Buffett Versus The S&P Tech Sector
By datatrekresearch in Blog
With the Berkshire Hathaway annual meeting this past weekend, we got to wondering about BRK’s long run historical performance versus the US large cap Technology sector. Buffett and Munger are generally averse to buying tech stocks, with Apple being a notable exception. Does that predilection help or hurt their long run performance?
We pulled the price history data for BRK and XLK (S&P 500 Tech) and, whether you are looking at 5-, 10-, 15- or 20-year price returns, large cap US tech has always outperformed Berkshire Hathaway:
- Last 5 years: Tech outperformed by 58 percentage points. XLK is up 122 percent over this time span, and BRK is up 64 percent.
- Last 10 years: Tech outperformed by 188 percentage points. XLK is up 382 percent, and BRK is up 194 percent.
- Last 15 years: Tech outperformed by 239 percentage points. XLK is up 513 percent, and BRK is up 274 percent.
- Last 20 years: Tech outperformed by 275 percentage points. XLK is up 842 percent, and BRK is up 567 percent.
To put some context around these numbers, if you had invested $10,000 in US large cap tech 20 years ago you would have $94,200 today even before adding in the effect of dividend reinvestment. The same $10,000 in Berkshire would yield $66,700, 29 percent less than the investment in XLK, and BRK does not pay a dividend.

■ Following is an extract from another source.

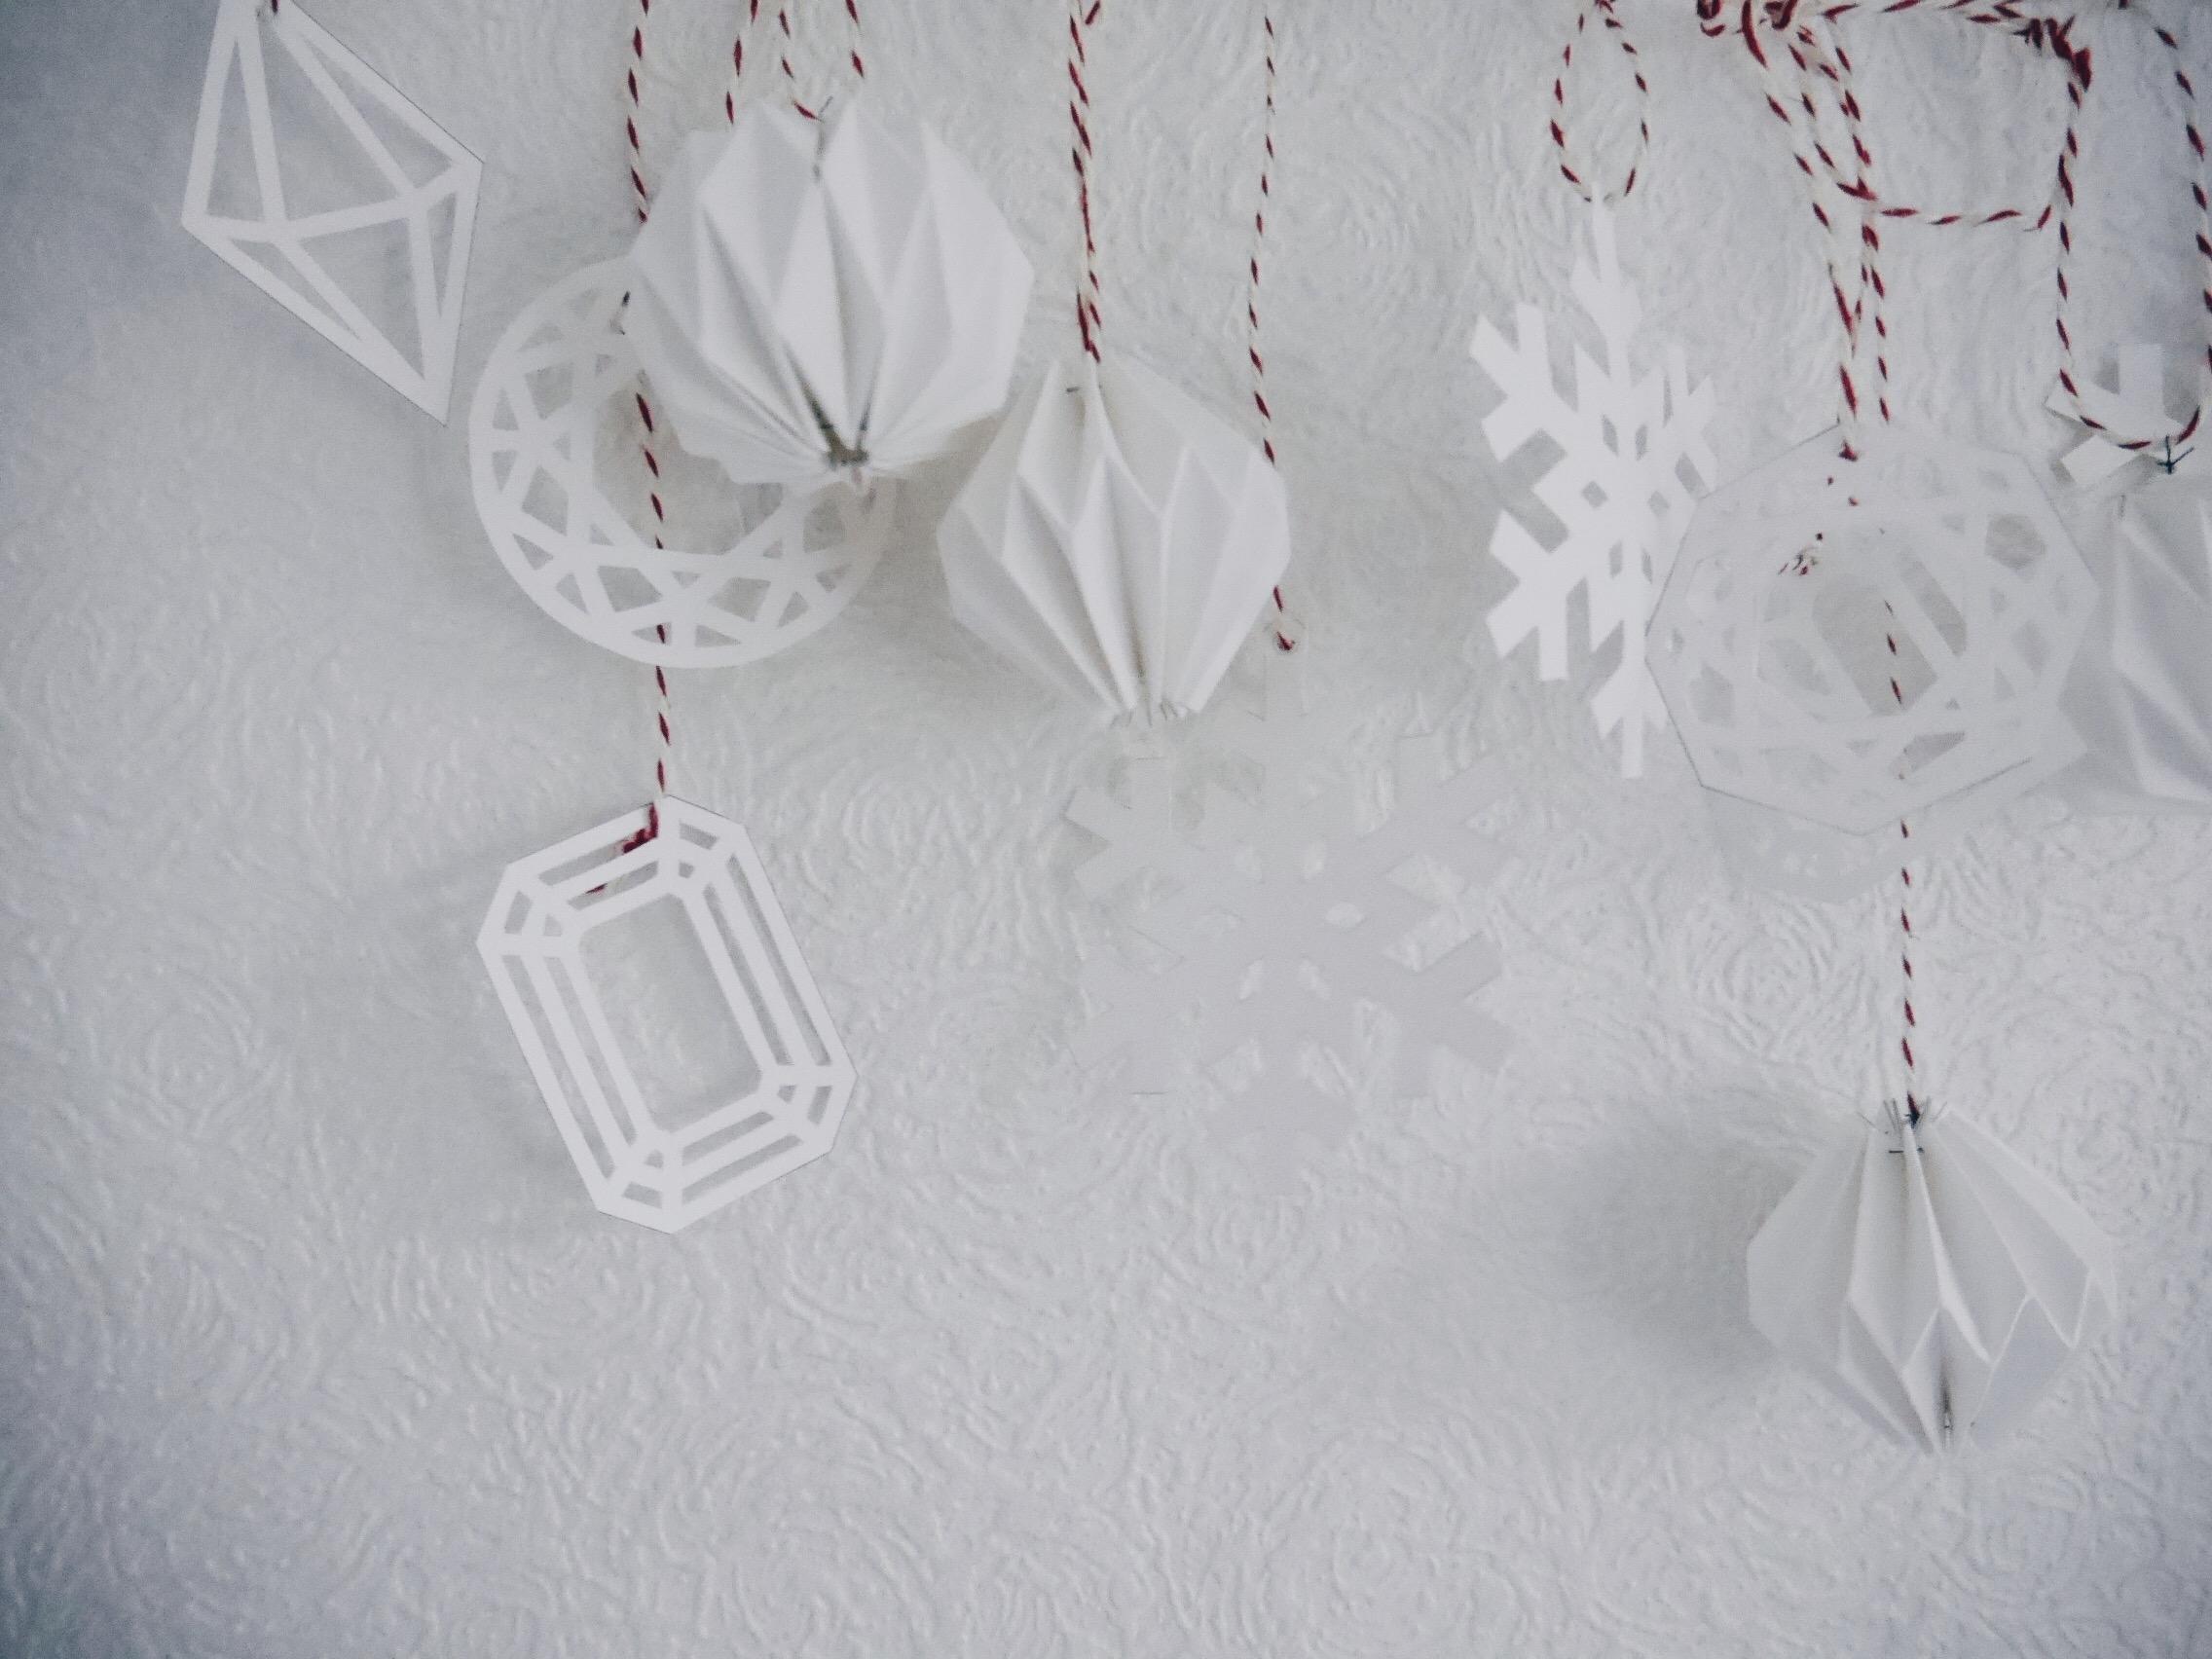 blog:2016:12:diy-paper-christmas-decorations(9).jpg

Now, there are periods where Berkshire absolutely does outperform US large cap Tech. The chart below shows the relative 1-year trailing return between BRK and XLK from 2010 to the present. When the blue line is above the x axis, Berkshire’s price return has exceeded that of the S&P 500 Tech sector by the number of percentage points noted in the y axis. When the line is below the x axis, Tech has outperformed over the prior year.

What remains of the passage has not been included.